No abandones JAMÁS a tu perro: este relato cuenta cómo se siente él al ser abandonado

Cuando Rufus llegó era noche cerrada. Ya habían pasado horas desde que inició, desconcertado, el camino de vuelta a casa. No entendía el nuevo juego que, esa misma mañana, le habían propuesto Edu y Rosa: lo habían llevado, por una carretera angosta, a lo alto de la montaña y, cuando lo invitaron a bajarse del coche, él creyó que, simplemente, correrían por los prados cercanos y disfrutarían del contacto con la naturaleza. A Rufus le encantaba tener espacio para desafiar al viento e intentar ser más rápido que él y, desde que su cuerpo tocó tierra, el ansia por iniciar esa carrera le desbordó.

Pero esta vez el juego sería diferente: Edu y Rosa arrancaron el coche y reanudaron el camino en el mismo momento en el que Rufus se bajó de él. Quizás eran ellos los que querían desafiarle en una carrera; al fin y al cabo, sin la ayuda del coche eran mucho más lentos que él, jamás habían podido ganarle. Tenía que darles rabia perder siempre, pobrecitos. Sí, seguro que era eso. –¡Acepto el desafío!–, pensó Rufus, e inició la marcha a toda velocidad.

Al principio parecía que la carrera sería igualada; Rufus salió un par de segundos más tarde que el coche, pero, en menos que canta un gallo, fue capaz de recuperarle a éste algo de terreno. –¡Sí! ¡Voy a volver a ganarles!–, pensó. Pero la ilusión no duró mucho: el coche, en cuanto cogió ritmo, demostró ser mucho más rápido y empezó a alejarse poco a poco. Rufus no se quería rendir, seguía corriendo a la máxima velocidad que le permitía su cuerpo, a pesar de que el coche empezaba a estar fuera de su alcance y, unos momentos después, incluso fuera de su vista.

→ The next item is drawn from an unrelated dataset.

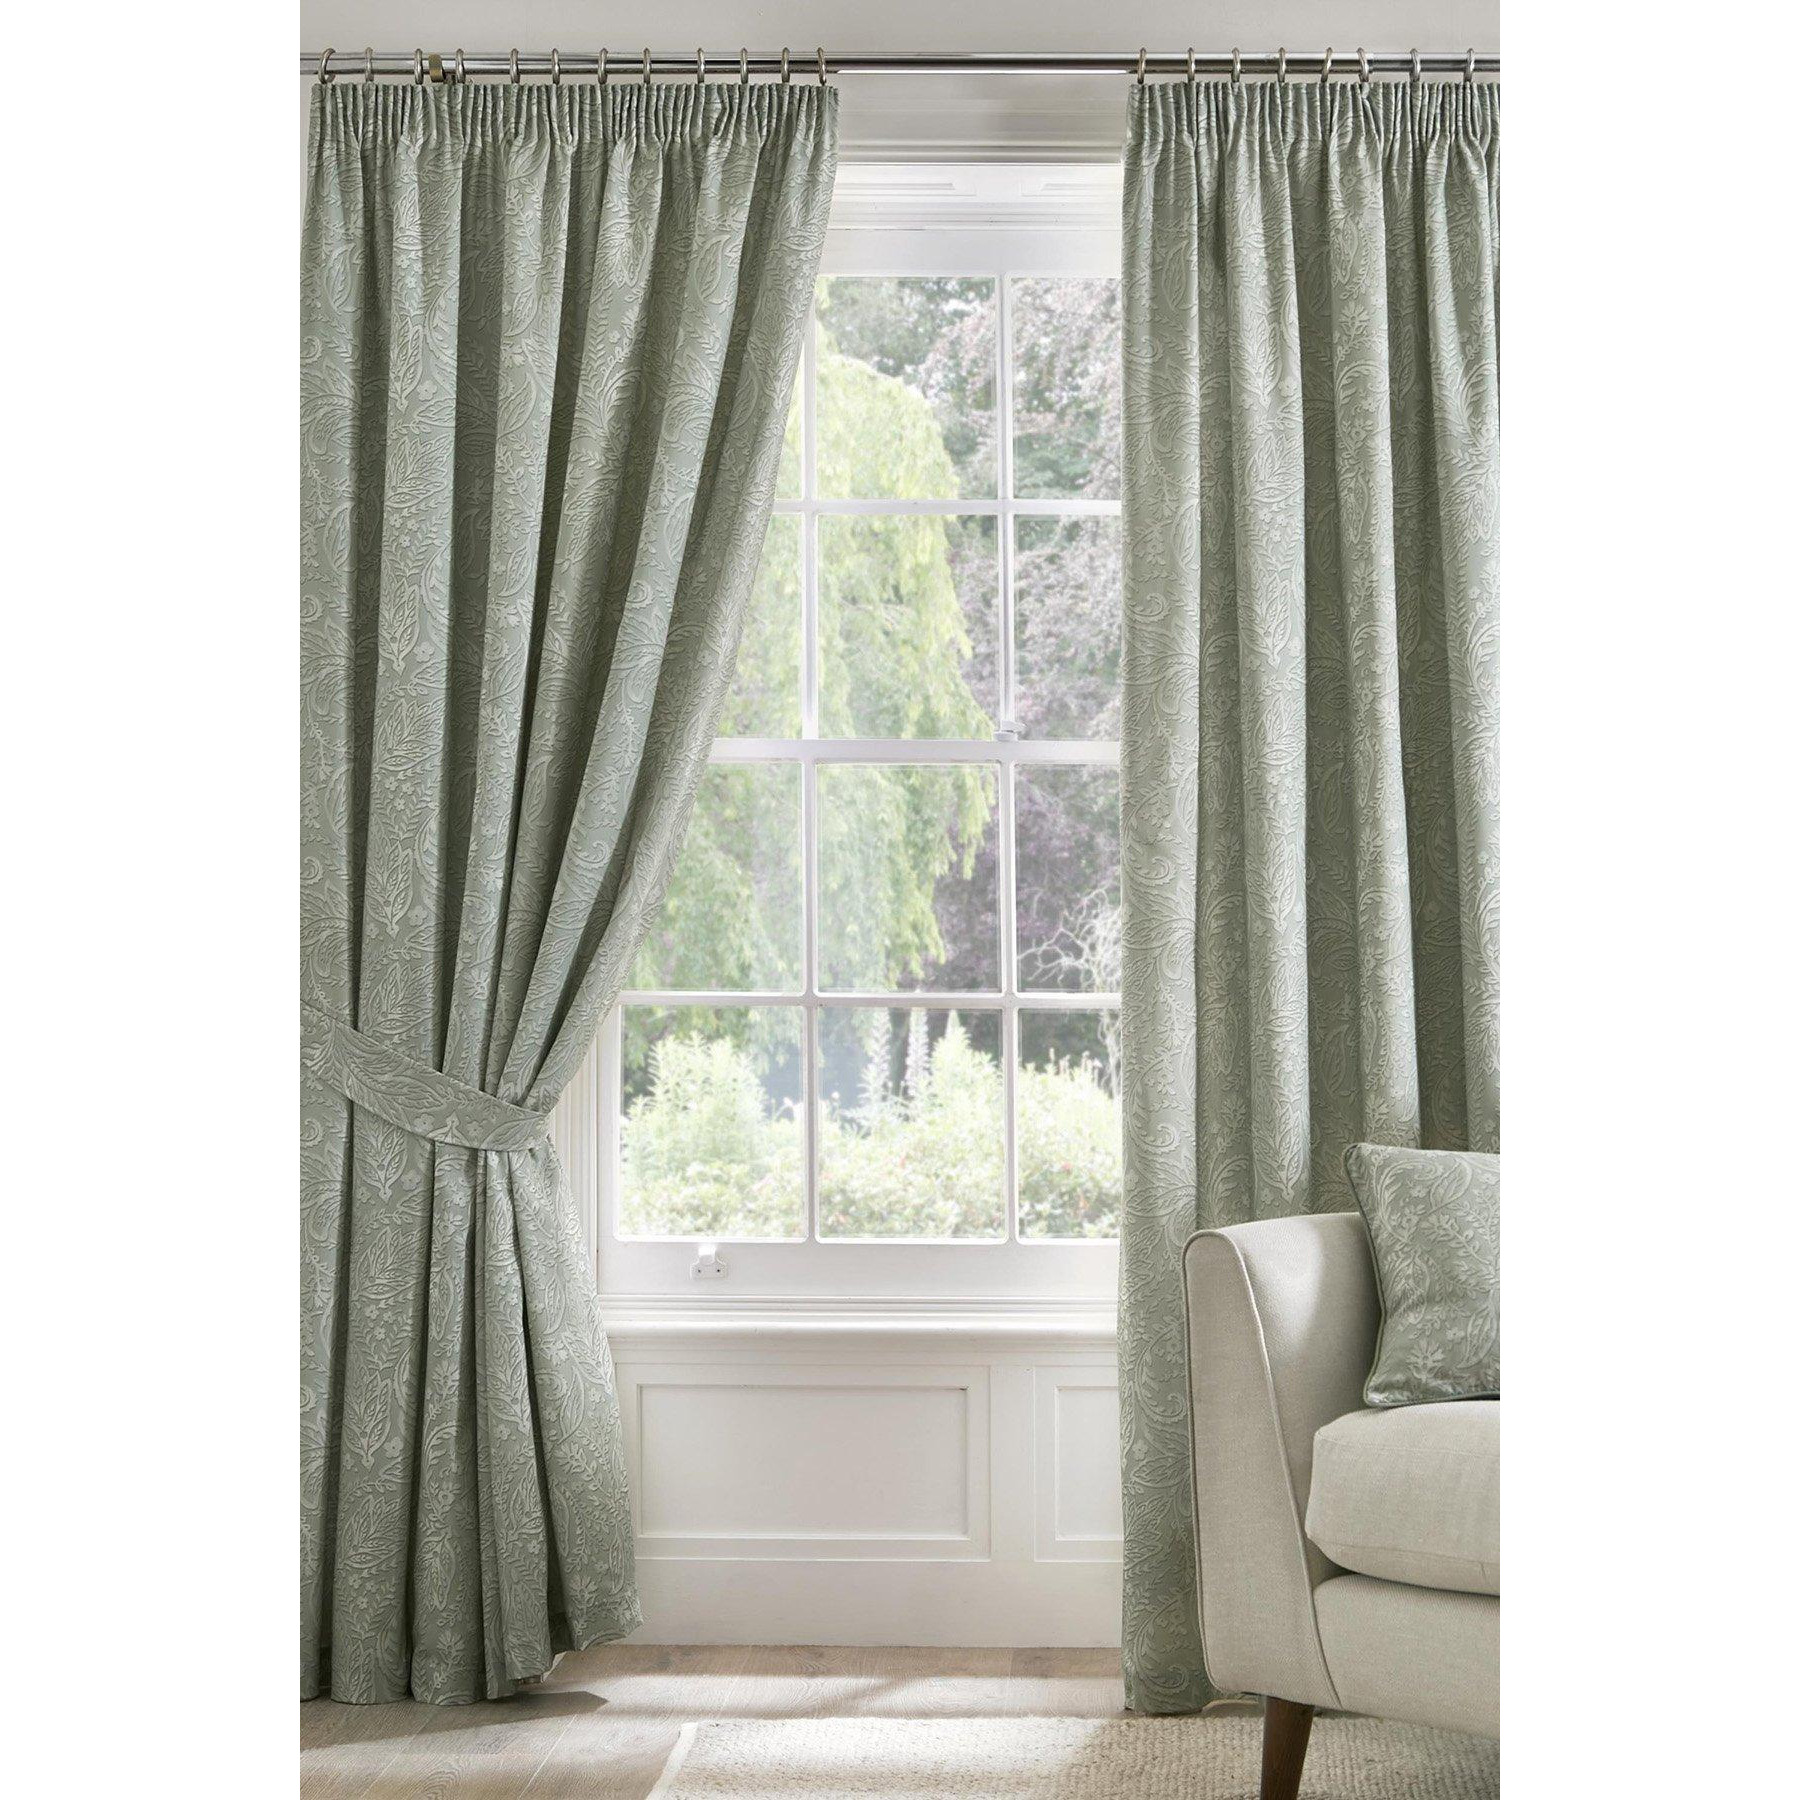 'Aveline' 100% Cotton Pair of Pencil Pleat Curtains With Tie-Backs - image 1

–Vaya… pues parece que esta vez he perdido–, pensó Rufus mientras detenía su carrera. Todo era un poco raro, de todos modos: Edu y Rosa no solían ponerse fuera de su vista cuando salían con él, más bien era al contrario. Muchas veces había oído cómo lo llamaban cuando se perdía entre los árboles. Y sabía que más le valía volver con ellos si no quería verlos cabreados… ¡no era divertido oírlos cuando se enfadaban!

Entendió entonces, Rufus, que Edu y Rosa se debían haber perdido al correr tanto para ganar la carrera. Y decidió llamarles, captar su atención, como ellos hacían cuando era él el que se perdía. El aullido que soltó se vio interrumpido por un susto de muerte: Rufus no se había dado cuenta de que aún seguía en medio de la carretera, y otro coche estuvo a punto de llevárselo por delante. Por suerte el automóvil fue capaz de esquivarlo, movimiento que Rufus interpretó como una advertencia: tendría que salir de esa odiosa serpiente de asfalto si no quería morir atropellado.

Lo siguiente fue seguir aullando. Rufus aulló y aulló, se estaba quedando sin aire en los pulmones… pero Edu y Rosa no volvían. Debían de haberse perdido bien perdidos. –¡Ya lo tengo!–, pensó entonces Rufus. –¡Tengo que volver a casa, seguro que estarán allí!–. Por suerte tenía un fantástico sentido de la orientación, y enseguida supo cuál era el camino de vuelta; lo malo es que sería un camino bastante largo, no llegaría pronto. Pero, si lo lograba, seguro que se alegraban de verle.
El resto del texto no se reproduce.